Agent skill
Nano Banana Video Generation
Generate videos using Google Veo models via the nano-banana CLI. Use this skill when the user asks to create, generate, animate, or produce videos with AI. Supports text-to-video, image-to-video animation, dialogue with lip-sync, and scene extensions. Trigger on requests like "create a video", "animate this image", "make a video clip", "generate footage", "produce a short film", "add motion to this".
Install this agent skill to your Project
npx add-skill https://github.com/The-Focus-AI/nano-banana-cli/tree/main/skills/nano-banana-videogen
SKILL.md
Nano Banana Video Generation
Generate videos using Google Veo 3.1 models via the nano-banana CLI.
Prerequisites
GEMINI_API_KEYenvironment variable must be set- The CLI is installed via
npx @the-focus-ai/nano-banana
Quick Reference
# Generate a video from text
nano-banana --video "A sunset over mountains, slow dolly-in, cinematic lighting"
# Animate an existing image
nano-banana --video "The character slowly turns and smiles" --file portrait.png
# Cost-optimized development mode
nano-banana --video "Quick test scene" --video-fast --no-audio --resolution 720p
# Specify output path
nano-banana --video "A cat playing" --output cat-video.mp4
# Full control over settings
nano-banana --video "Dramatic reveal scene" \
--duration 8 --aspect 16:9 --resolution 1080p --seed 42
Understanding Video Requests
Before generating, clarify these video-specific aspects:
- Core Scene: What's the main action or subject?

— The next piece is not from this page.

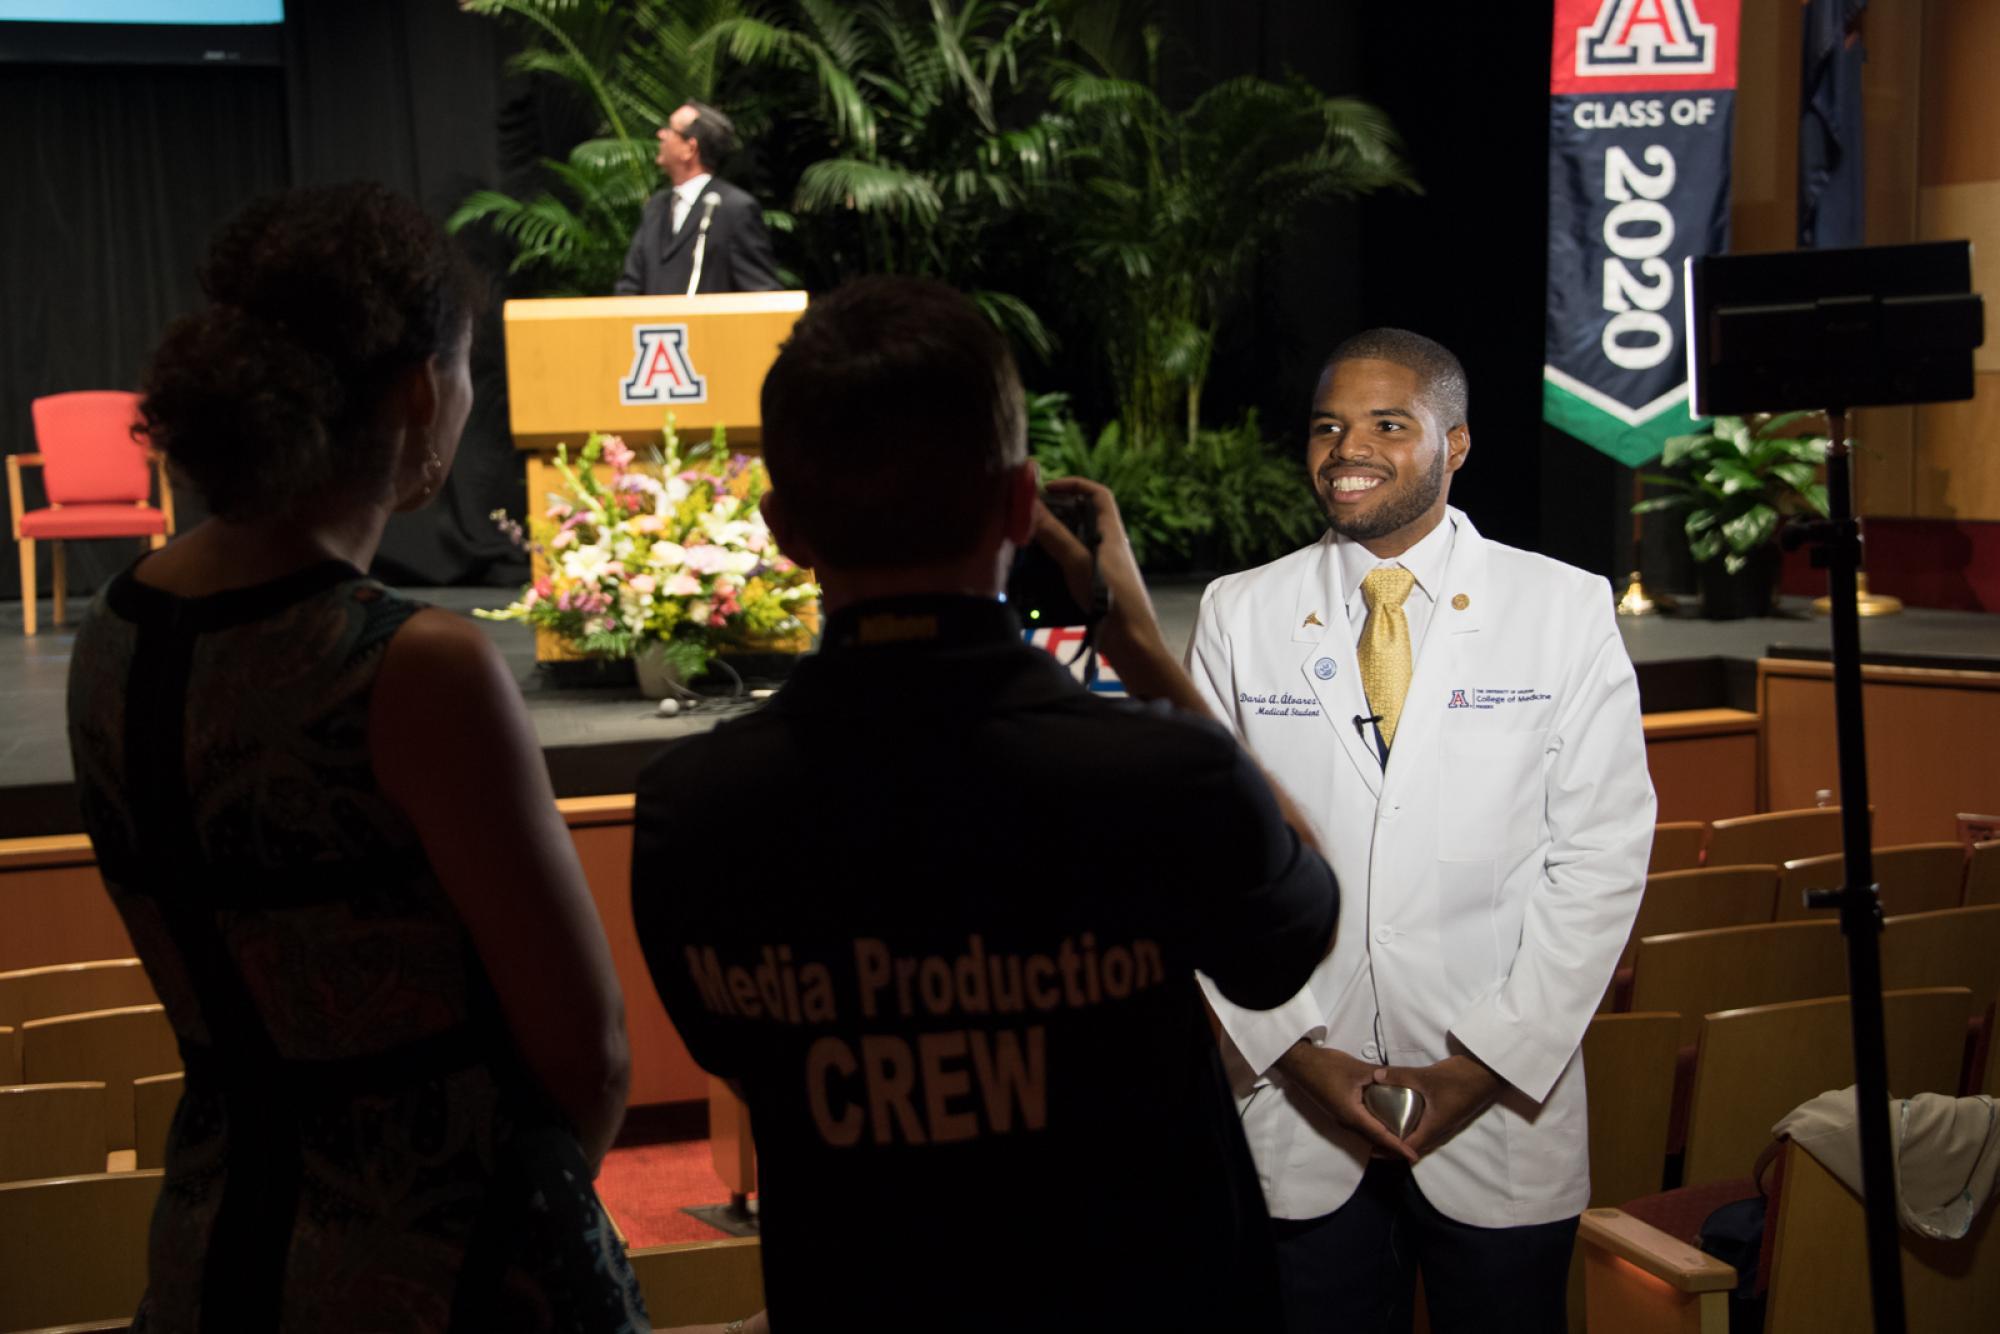 Dario Alvarez, who graduated from the Pathway Scholars Program, is interviewed before the ceremony.

- Camera Movement: Static, dolly, pan, tracking, crane?
- Style: Cinematic, documentary, commercial, casual?
- Audio: Dialogue? Sound effects? Ambient sounds? Music?
- Duration: 4, 6, or 8 seconds?
- Orientation: Landscape (16:9) or portrait (9:16)?
The Five-Part Video Prompt Formula
Structure prompts with these elements:
[Camera Movement] + [Subject] + [Action] + [Environment] + [Audio/Style]
Example - Weak prompt:
"a person walking"
Example - Strong prompt:
"Slow dolly-in shot. A woman in her 30s, shoulder-length wavy black hair,
green jacket, walks confidently through a sunlit park. Golden hour lighting,
warm color grading. Ambient sounds: birds chirping, distant traffic.
Cinematic, aspirational mood. No subtitles, no text overlay."
Workflow
Step 1: Craft the Prompt
Use the prompting-guide.md for comprehensive guidance.
Key principles:
- Start with camera movement (dolly, pan, static, tracking)
- Describe subject in detail (appearance, wardrobe, expression)
- Specify action with timing cues
- Include lighting and environment
- Add audio design (dialogue, SFX, ambient)
- Always end with: "No subtitles, no text overlay, no captions"
Step 2: Consider Cost
Video generation is significantly more expensive than images:
| Model | Cost per Second | 8-Second Video |
|---|---|---|
veo-3.1-generate-001 |
$0.40 | $3.20 |
veo-3.1-fast-generate-001 |
$0.15 | $1.20 |
Development workflow:
- Iterate with
--video-fast --no-audio(cheapest) - Test with
--video-fast(add audio when needed) - Final render with default model (premium quality)
Step 3: Generate
nano-banana --video "your detailed prompt here"
Generation takes 2-4 minutes. Progress is shown in the terminal.
Step 4: Iterate
If the result isn't right:
- Refine camera movement - Be more explicit (e.g., "slow dolly-in over 8 seconds")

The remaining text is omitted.